• Supplied information
- Opening Delimiter -
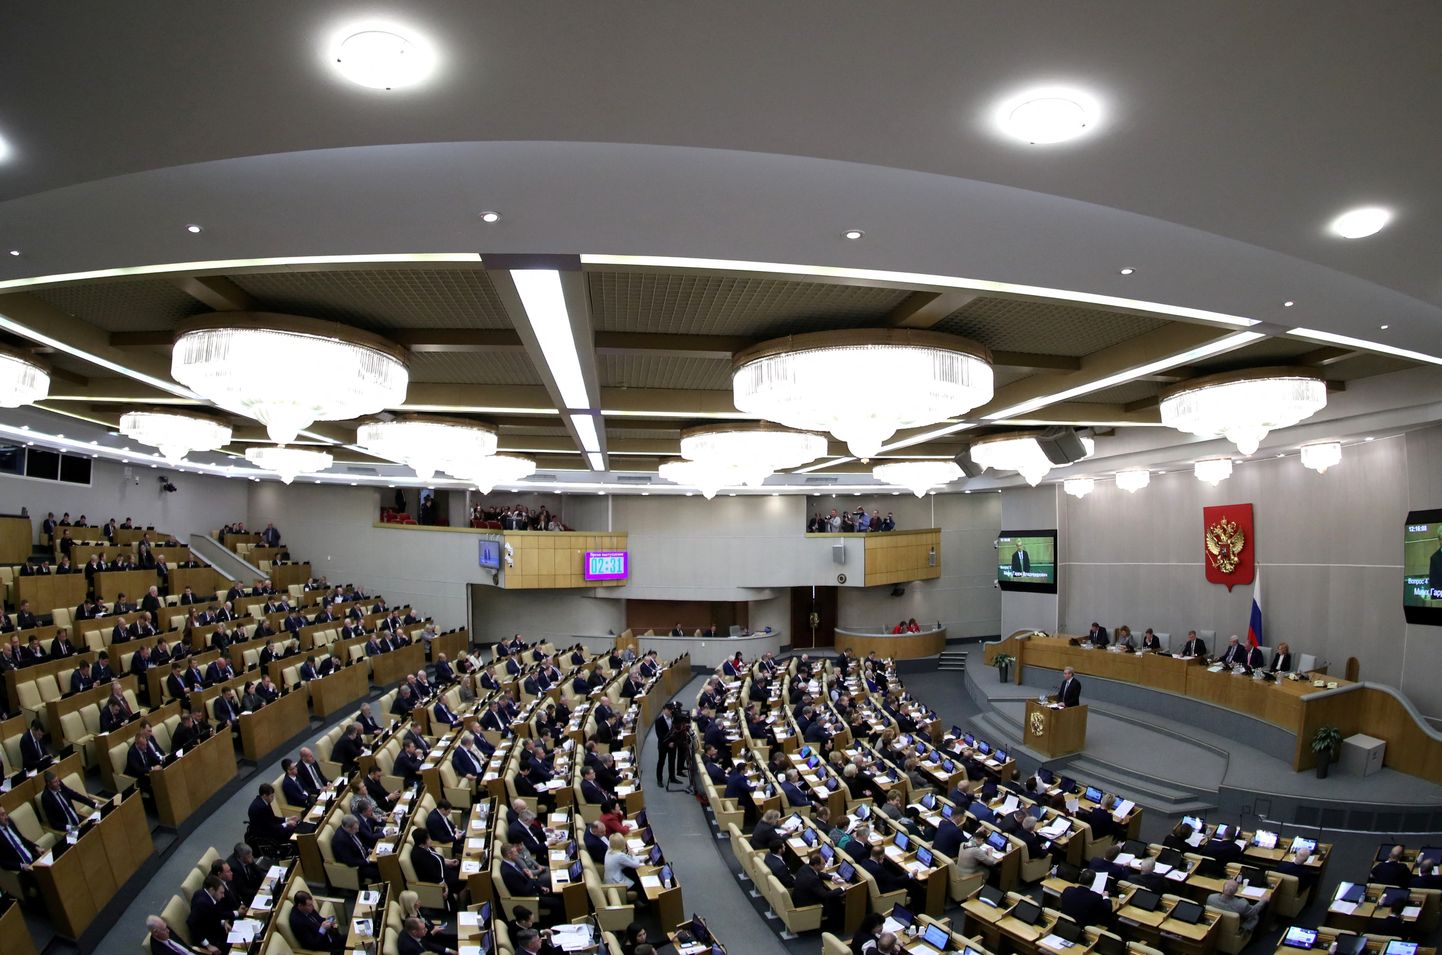 Vene riigiduuma istungisaal.
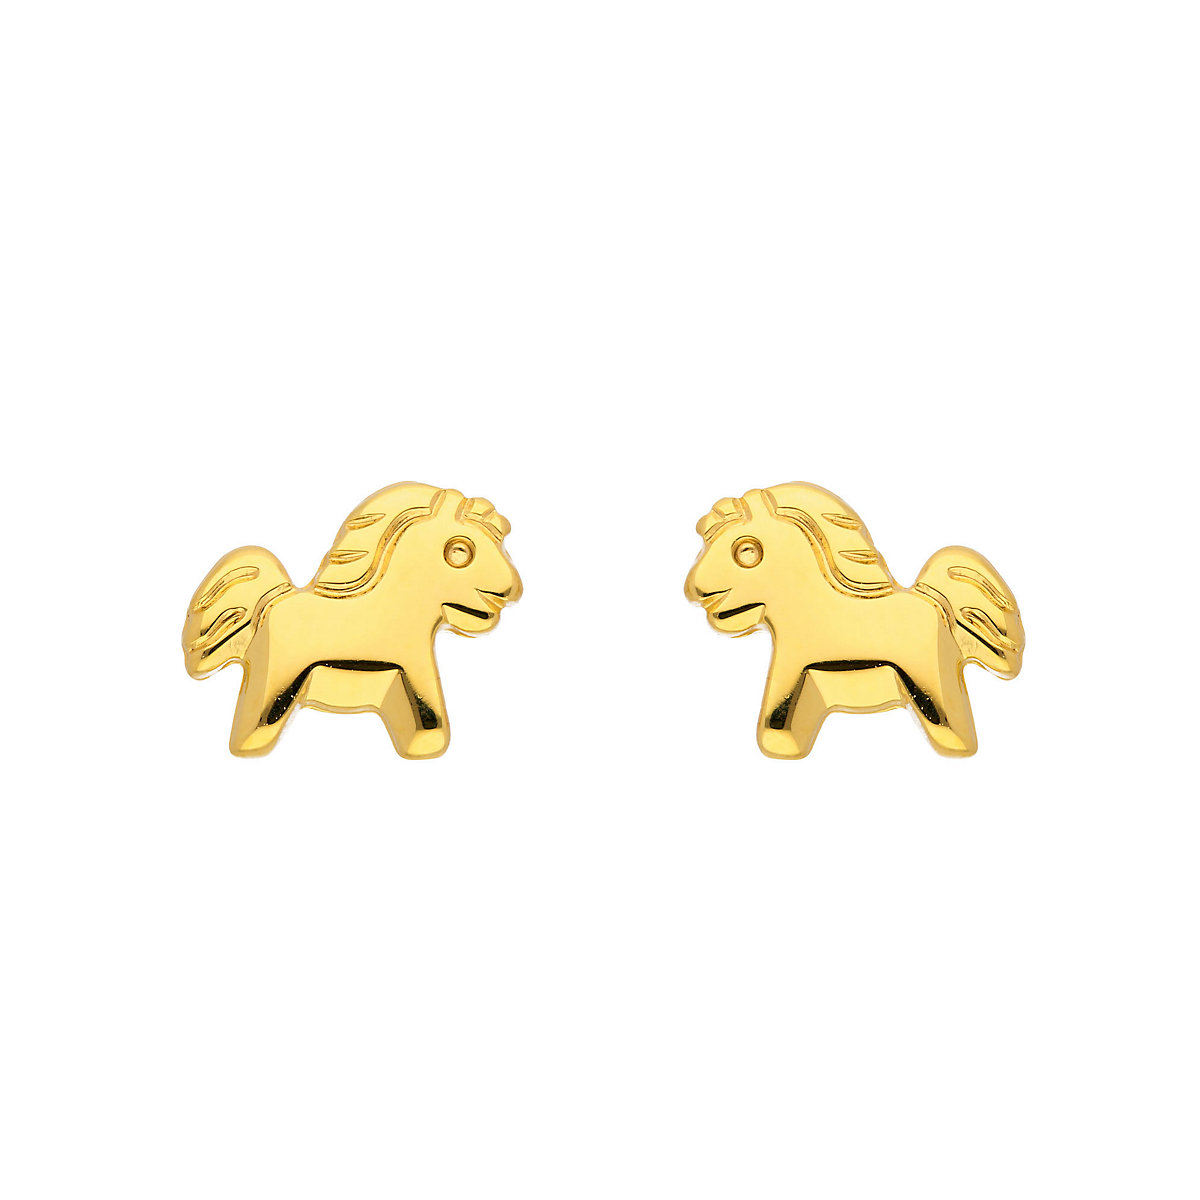 1 Paar hübsche Pferde Pony Kinder Ohrstecker Ohrringe aus Echt Gold 585 14 KT
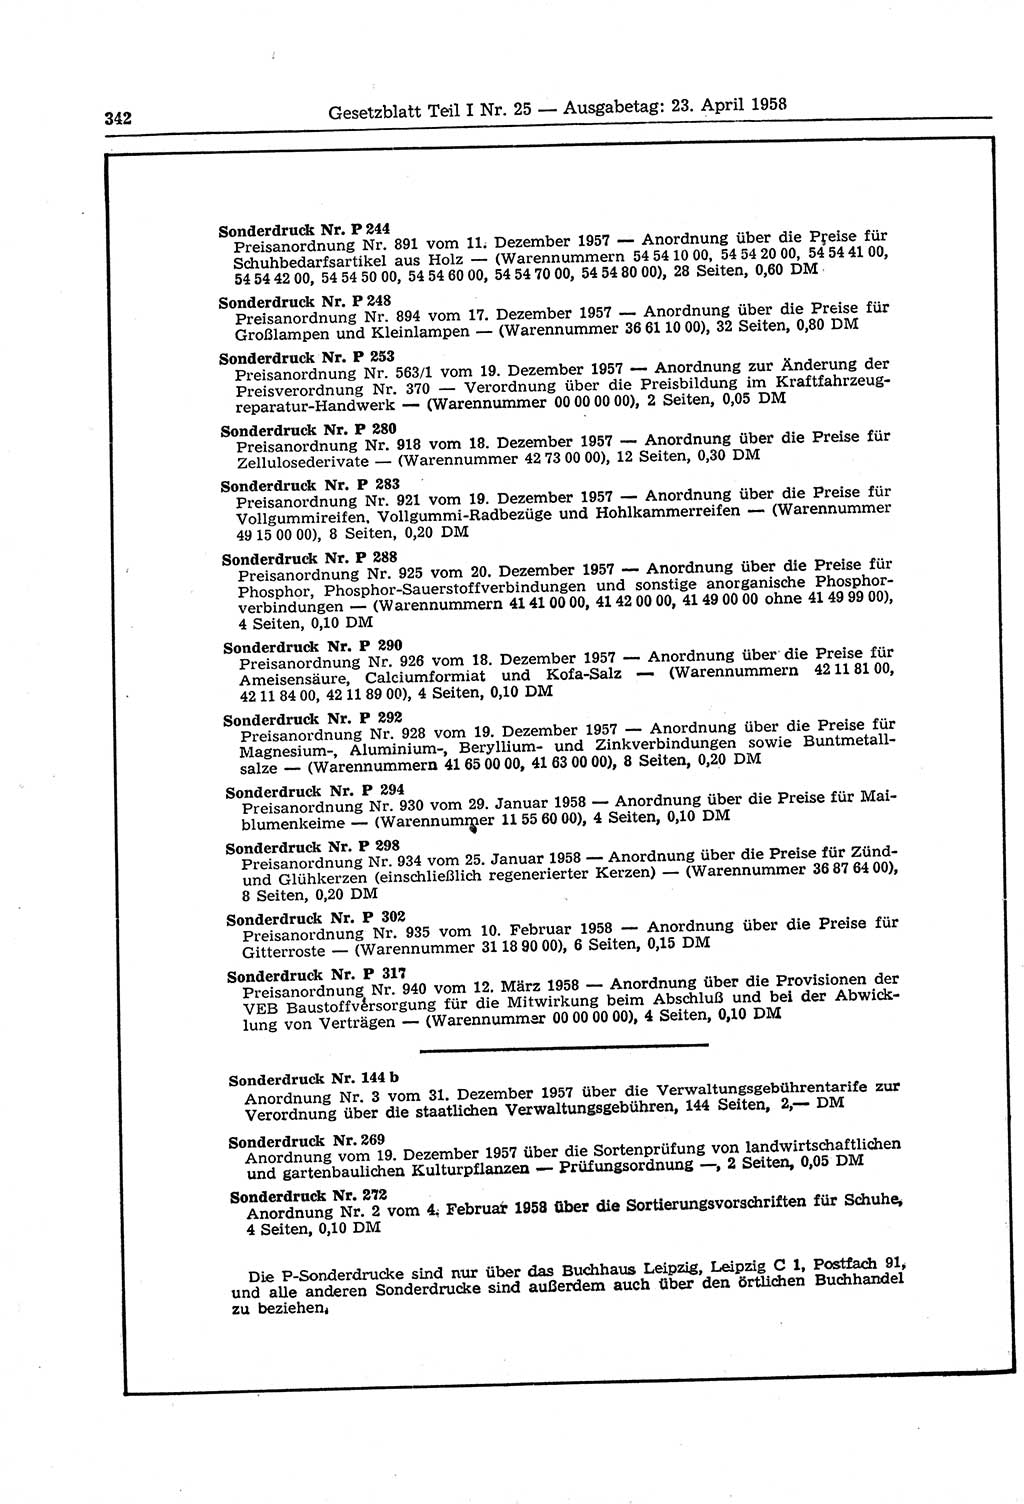 Gesetzblatt (GBl.) der Deutschen Demokratischen Republik (DDR) Teil Ⅰ 1958, Seite 342 (GBl. DDR Ⅰ 1958, S. 342)
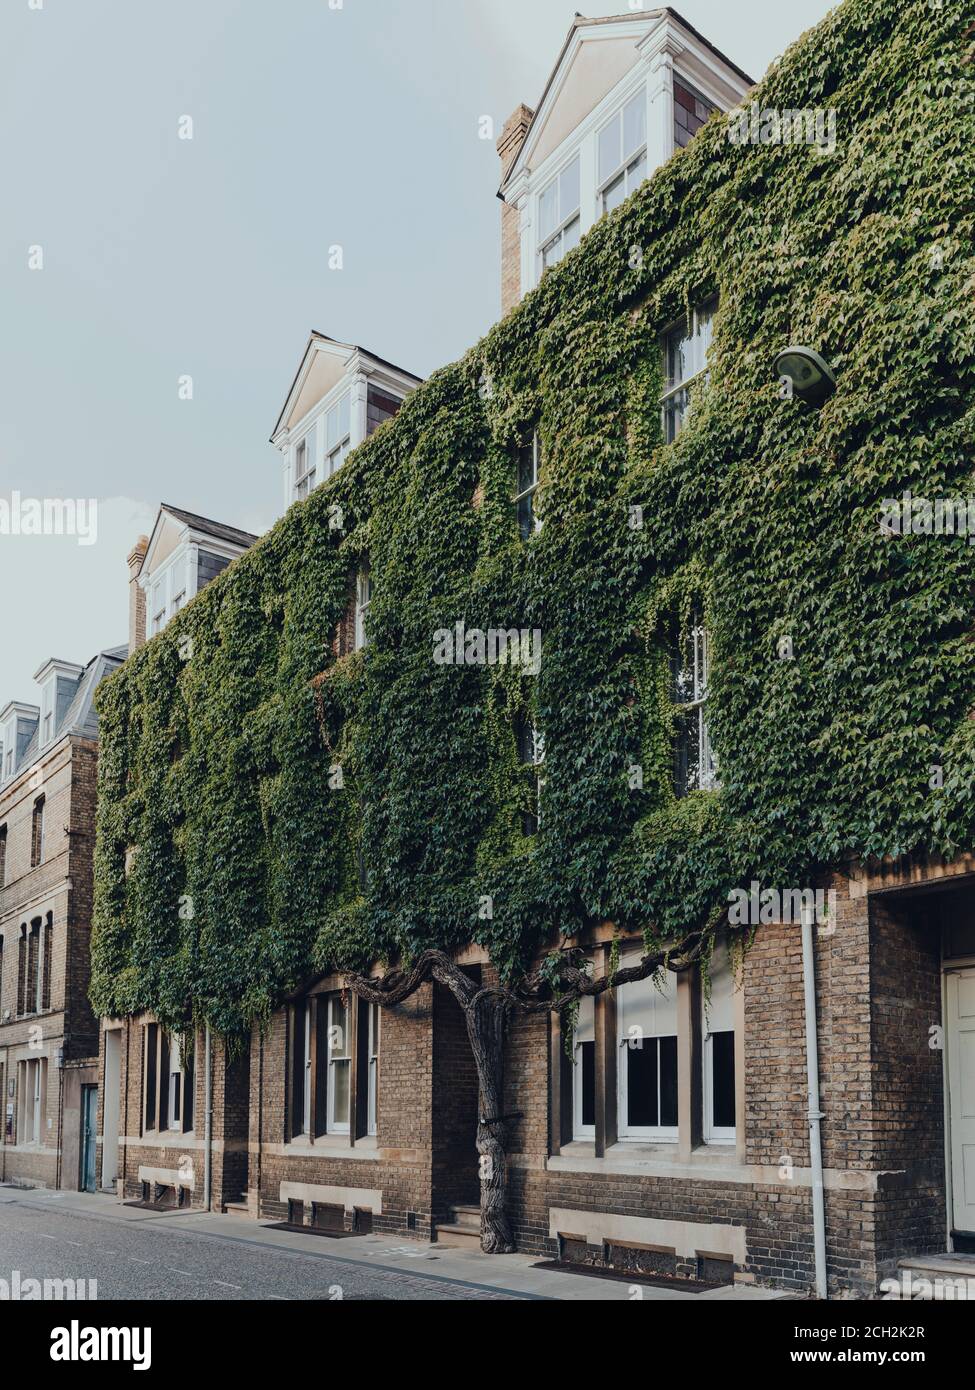 Oxford, Großbritannien - 04. August 2020: Seitenansicht eines Gebäudes an der New Inn Hall Street in Oxford, einer Stadt in England, die für ihre prestigeträchtige Universität berühmt ist Stockfoto
- Closing Delimiter -
• Exercise prompt
The answer should hold every line of the listing, copied exactly, with no pictures.

• Expected output
 Vene riigiduuma istungisaal.
 1 Paar hübsche Pferde Pony Kinder Ohrstecker Ohrringe aus Echt Gold 585 14 KT
 Gesetzblatt (GBl.) der Deutschen Demokratischen Republik (DDR) Teil Ⅰ 1958, Seite 342 (GBl. DDR Ⅰ 1958, S. 342)
 Oxford, Großbritannien - 04. August 2020: Seitenansicht eines Gebäudes an der New Inn Hall Street in Oxford, einer Stadt in England, die für ihre prestigeträchtige Universität berühmt ist Stockfoto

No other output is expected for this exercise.